● WORK TO BE COMPLETED
Reproduce the data that follows character for character, but omit its pictures.

● DATASET SECTION
+===+
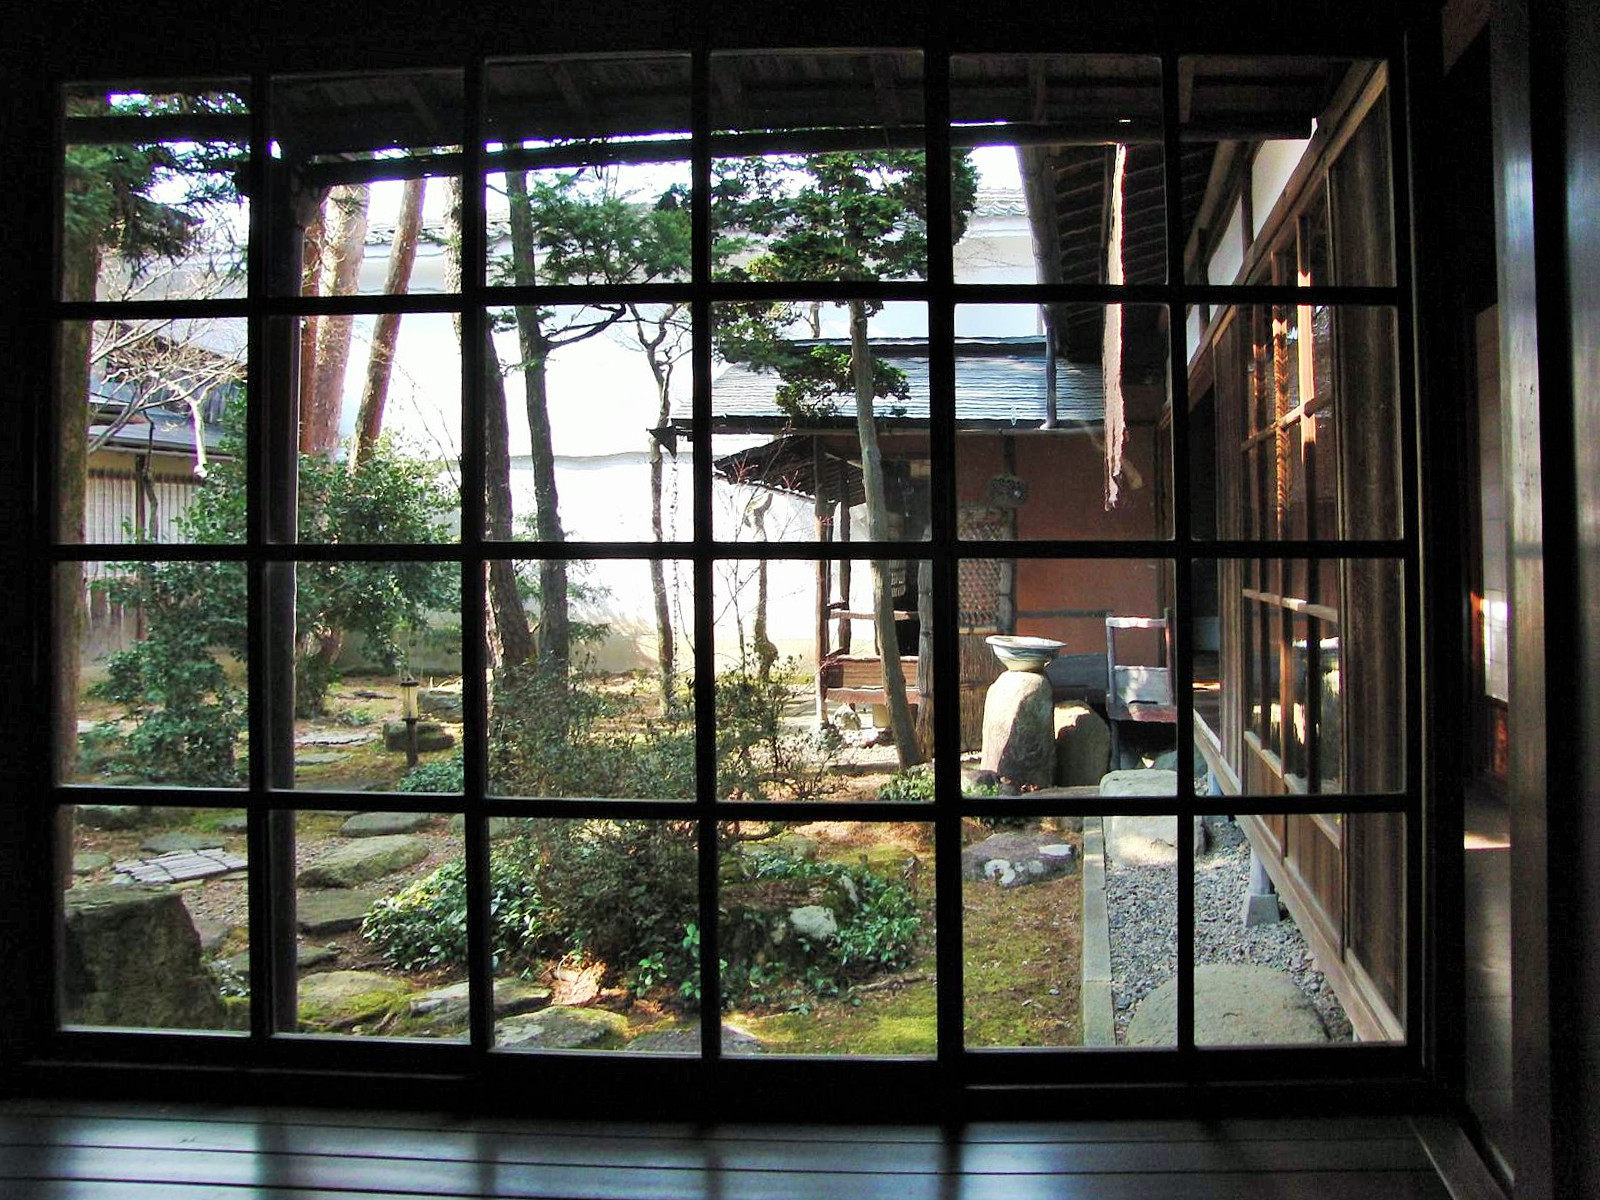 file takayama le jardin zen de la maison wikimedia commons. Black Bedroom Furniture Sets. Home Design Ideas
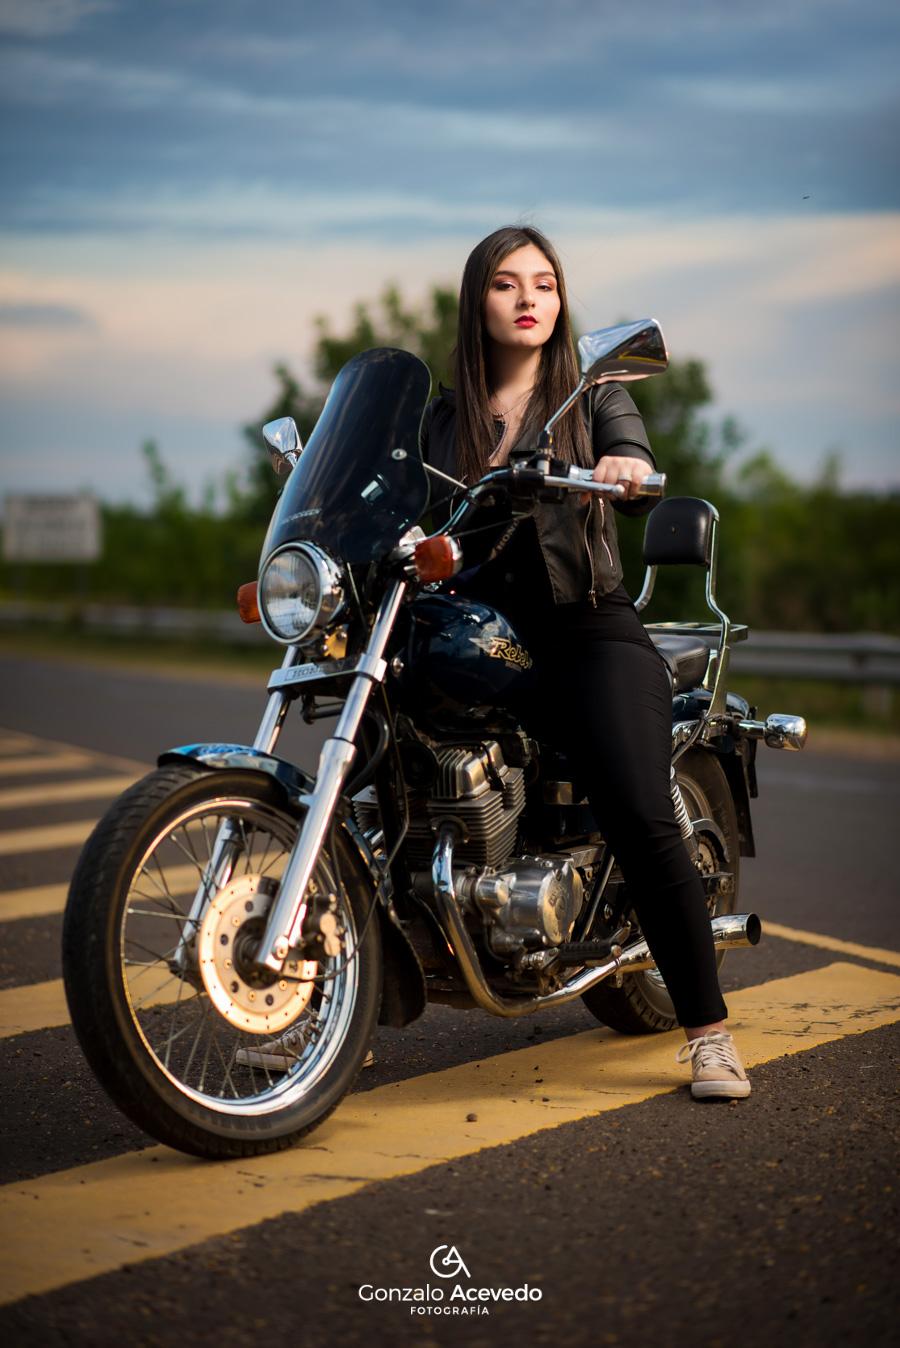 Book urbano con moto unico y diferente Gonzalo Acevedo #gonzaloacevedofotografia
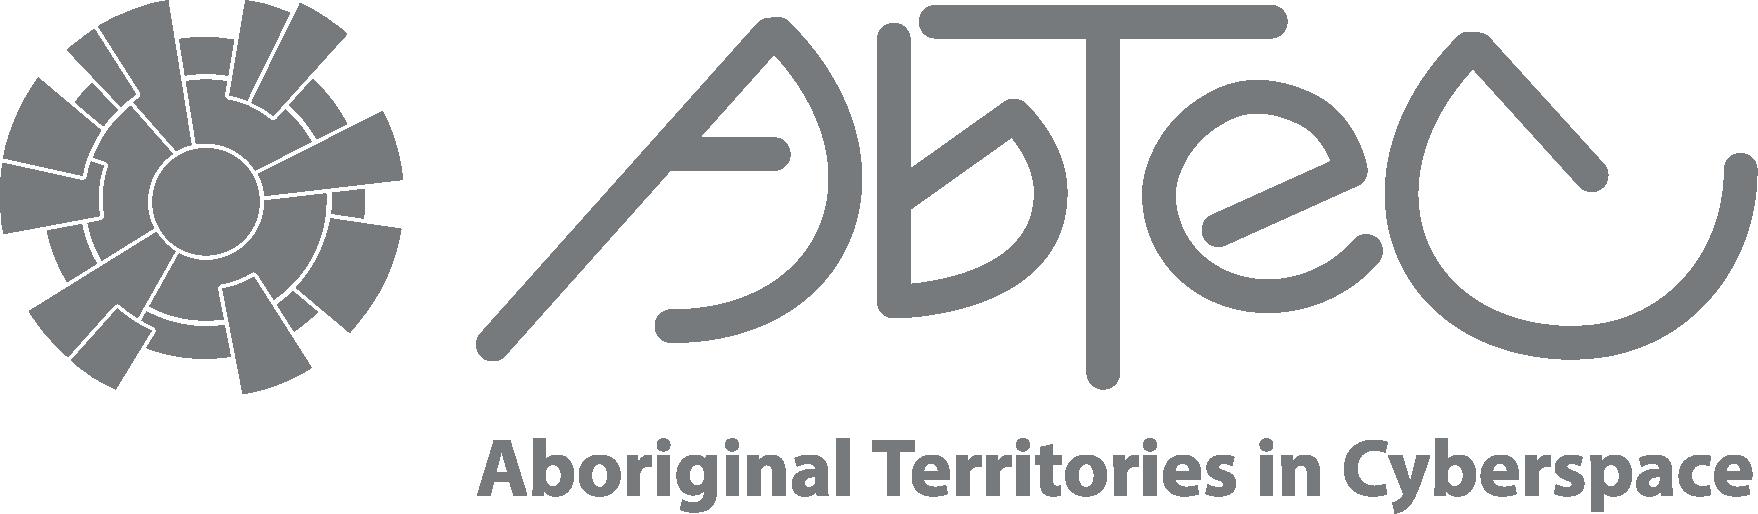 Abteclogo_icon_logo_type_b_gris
+===+
● TASK ANSWER
 file takayama le jardin zen de la maison wikimedia commons. Black Bedroom Furniture Sets. Home Design Ideas
 Book urbano con moto unico y diferente Gonzalo Acevedo #gonzaloacevedofotografia
 Abteclogo_icon_logo_type_b_gris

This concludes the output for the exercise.